From: Uladzislau Rezki <urezki@gmail.com>
To: "Paul E. McKenney" <paulmck@kernel.org>,
Zhang@pc638.lan, Qiang1 <qiang1.zhang@intel.com>,
Zhen Lei <thunder.leizhen@huawei.com>
Cc: "Zhang, Qiang1" <qiang1.zhang@intel.com>,
"Leizhen (ThunderTown)" <thunder.leizhen@huawei.com>,
Frederic Weisbecker <frederic@kernel.org>,
Neeraj Upadhyay <quic_neeraju@quicinc.com>,
Josh Triplett <josh@joshtriplett.org>,
Steven Rostedt <rostedt@goodmis.org>,
Mathieu Desnoyers <mathieu.desnoyers@efficios.com>,
Lai Jiangshan <jiangshanlai@gmail.com>,
Joel Fernandes <joel@joelfernandes.org>,
"rcu@vger.kernel.org" <rcu@vger.kernel.org>,
"linux-kernel@vger.kernel.org" <linux-kernel@vger.kernel.org>
Subject: Re: [PATCH v2] rcu: Dump memory object info if callback function is invalid
Date: Mon, 14 Nov 2022 19:22:44 +0100 [thread overview]
Message-ID: <Y3KHdBjAIR3FNKpS@pc638.lan> (raw)

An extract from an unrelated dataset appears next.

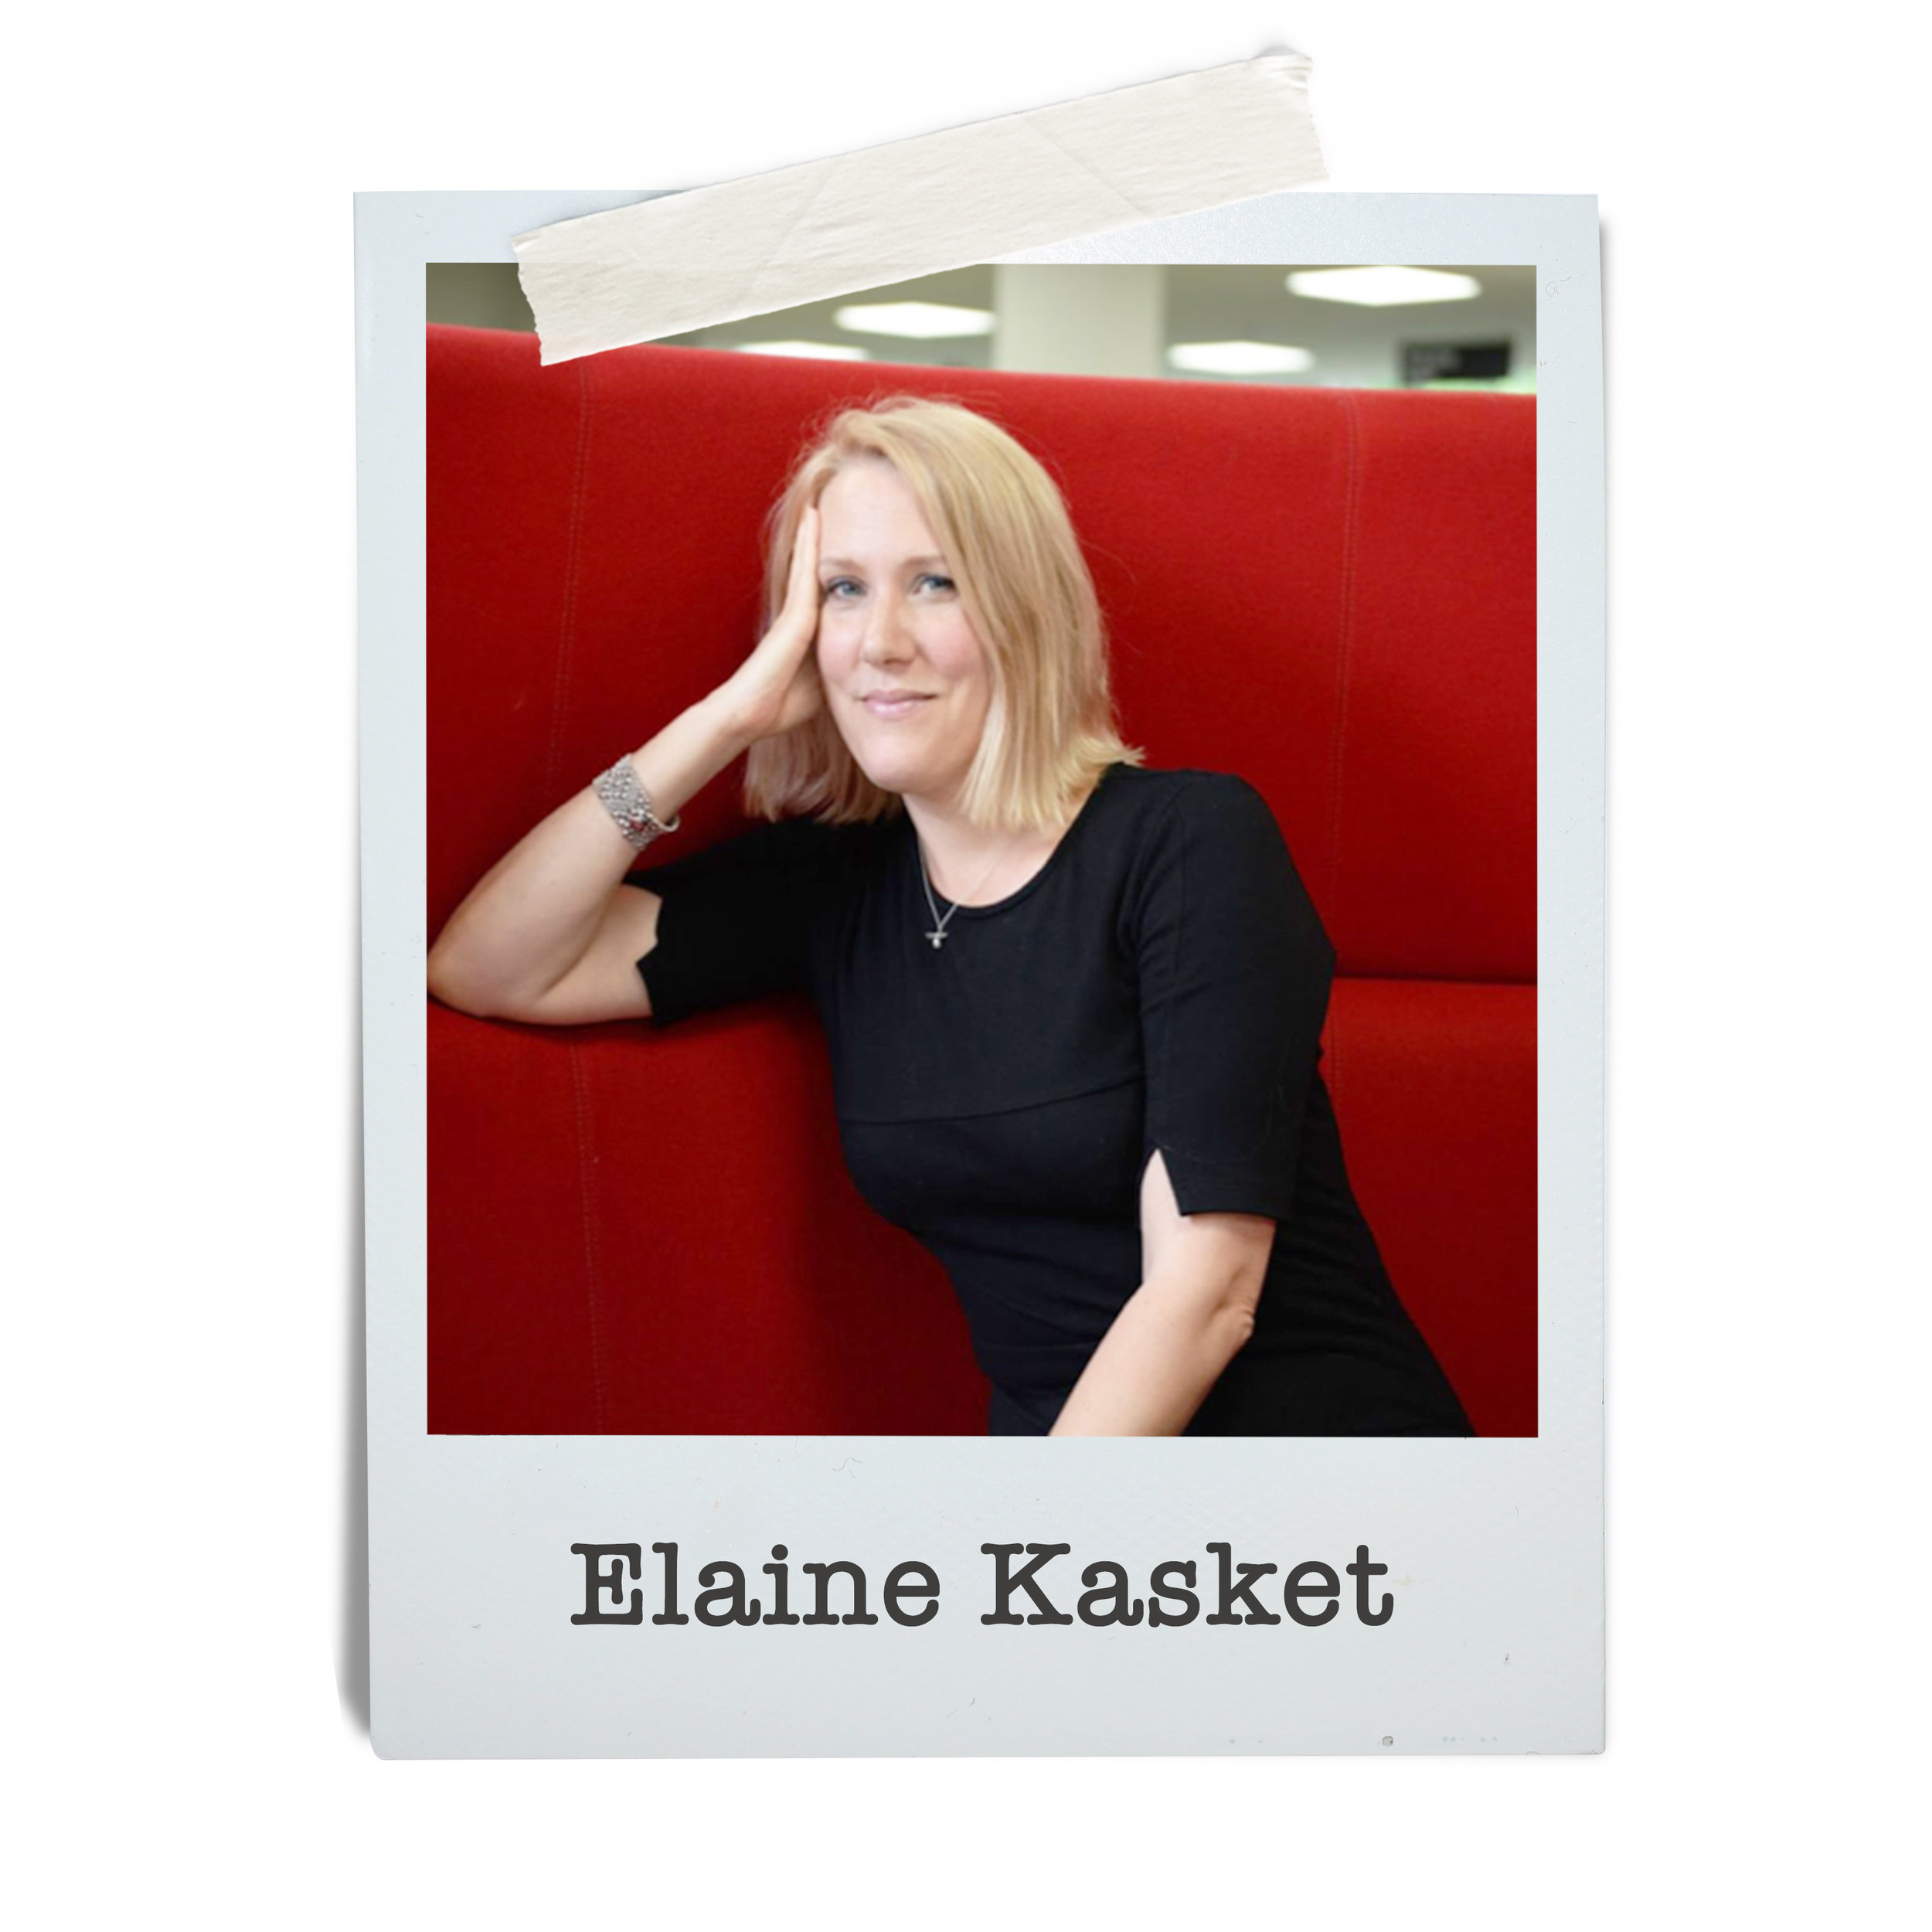 Elaine Kasket

In-Reply-To: <20221111184238.GX725751@paulmck-ThinkPad-P17-Gen-1>
> On Fri, Nov 11, 2022 at 01:05:56PM +0000, Zhang, Qiang1 wrote:
> > On 2022/11/11 19:54, Zhang, Qiang1 wrote:
> > >> When a structure containing an RCU callback rhp is (incorrectly)
> > >> freed and reallocated after rhp is passed to call_rcu(), it is not
> > >> unusual for
> > >> rhp->func to be set to NULL. This defeats the debugging prints used
> > >> rhp->by
> > >> __call_rcu_common() in kernels built with
> > >> CONFIG_DEBUG_OBJECTS_RCU_HEAD=y, which expect to identify the
> > >> offending code using the identity of this function.
> > >>
> > >> And in kernels build without CONFIG_DEBUG_OBJECTS_RCU_HEAD=y, things
> > >> are even worse, as can be seen from this splat:
> > >>
> > >> Unable to handle kernel NULL pointer dereference at virtual address 0
> > >> ... ...
> > >> PC is at 0x0
> > >> LR is at rcu_do_batch+0x1c0/0x3b8
> > >> ... ...
> > >> (rcu_do_batch) from (rcu_core+0x1d4/0x284)
> > >> (rcu_core) from (__do_softirq+0x24c/0x344)
> > >> (__do_softirq) from (__irq_exit_rcu+0x64/0x108)
> > >> (__irq_exit_rcu) from (irq_exit+0x8/0x10)
> > >> (irq_exit) from (__handle_domain_irq+0x74/0x9c)
> > >> (__handle_domain_irq) from (gic_handle_irq+0x8c/0x98)
> > >> (gic_handle_irq) from (__irq_svc+0x5c/0x94)
> > >> (__irq_svc) from (arch_cpu_idle+0x20/0x3c)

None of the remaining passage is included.